Whereas he was a hideous cripple.

There had been half-promises — new techniques, new surgical processes. Once they had got as far as attempting a skin-graft on him. But long before the slow-growing tissues had knit, before blood-vessels could twine into the graft, it had gangrened and sloughed off. He was dully resigned by then. No matter how much thought he took, he could not add the wanted cubit to his stature; he was better employed any other way than pitying himself.

When the guards of consciousness were lowered by sleep, though, there was no escape if the lurking sorrows of the past chose to return.

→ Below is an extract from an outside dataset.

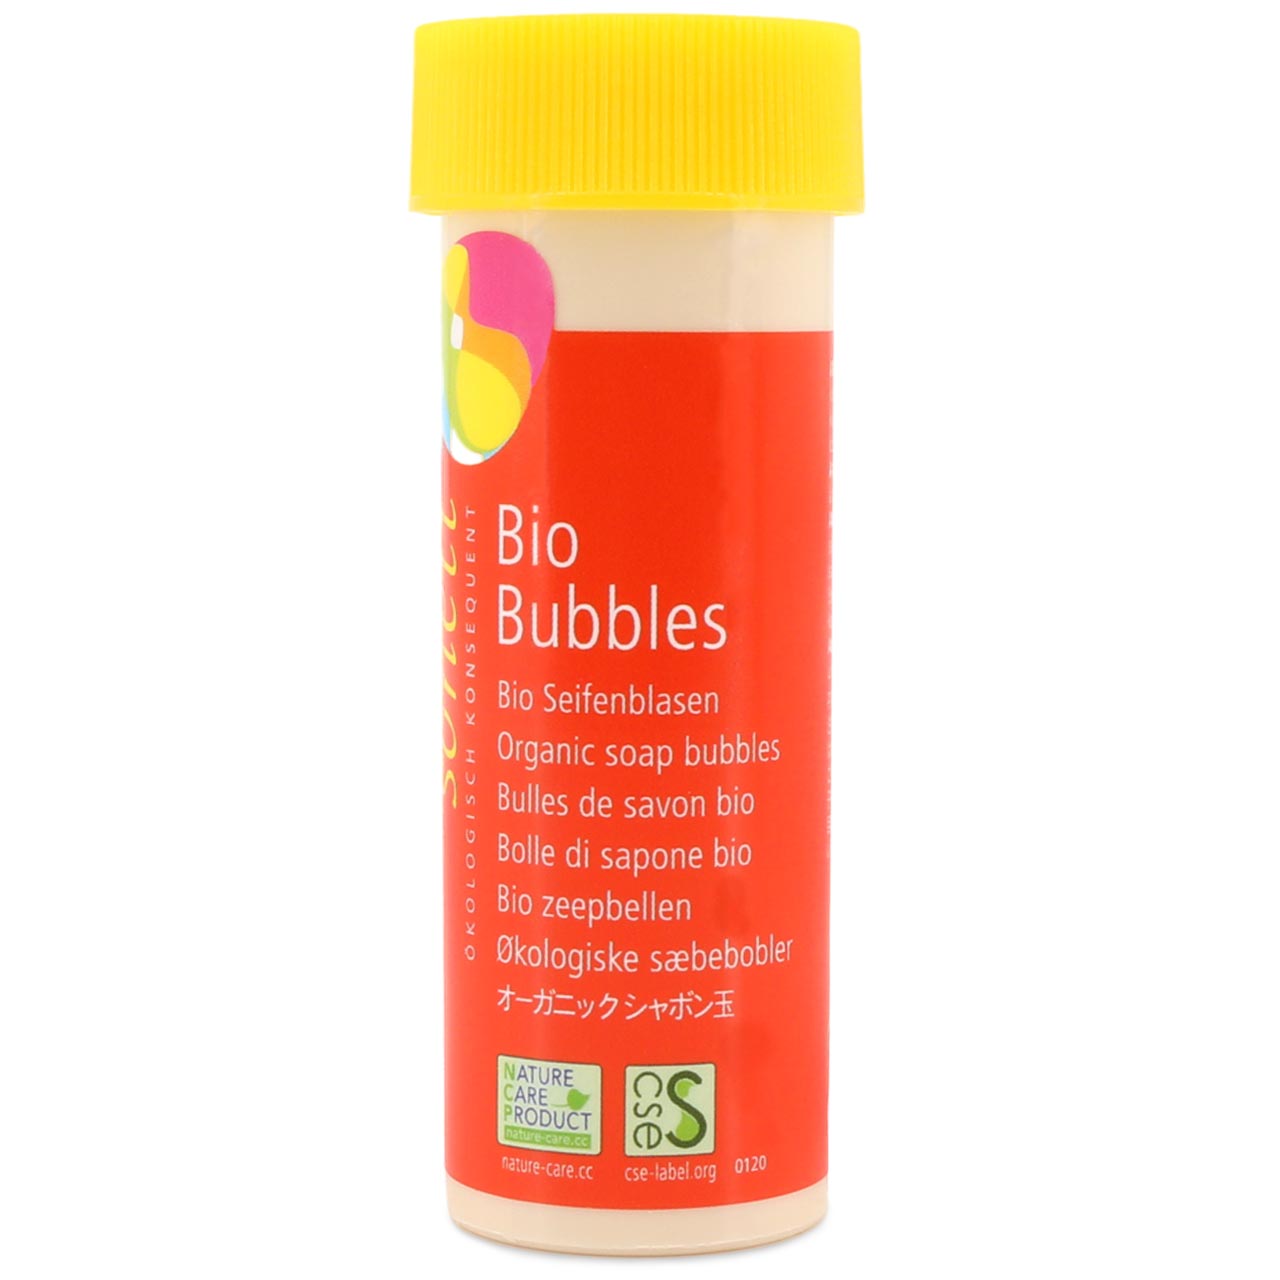 BioBubbles Seifenblasen in Bio-Qualität - 45 ml

Out of a dismal dream he snapped awake. That wasn’t the usual imagery of his nightmares! He had them frequently enough to recognize their roots in real life, and nothing in what had startled him corresponded to direct experience.

He did not open his eyes. There was no point — the room was in darkness, and anyway the source of the signal which had stabbed into his brain was some distance away, partly masked by the “noise” of people dreaming. The message had loomed up suddenly like a shout from a quiet conversation. And it was a shout of terror.

Breathing evenly, forcing himself to remain relaxed, he sought identifying images in the mental flow. High mountains capped with snow, caravans winding through valleys, and the cadences of a language he did not understand…

Got it — I think.

There was that Nepalese girl in Ward Four, the novice telepathist they had found too late, after her ignorant and terrified kinsfolk had stoned her for a vessel of evil. She must be having a bad dream of her own.

Well, if that was the case, he could right matters without even leaving his bed. He made as though to contact her openly and soothe away her shapeless fear. One instant before revealing himself, he checked, and felt a frown draw down his eyebrows.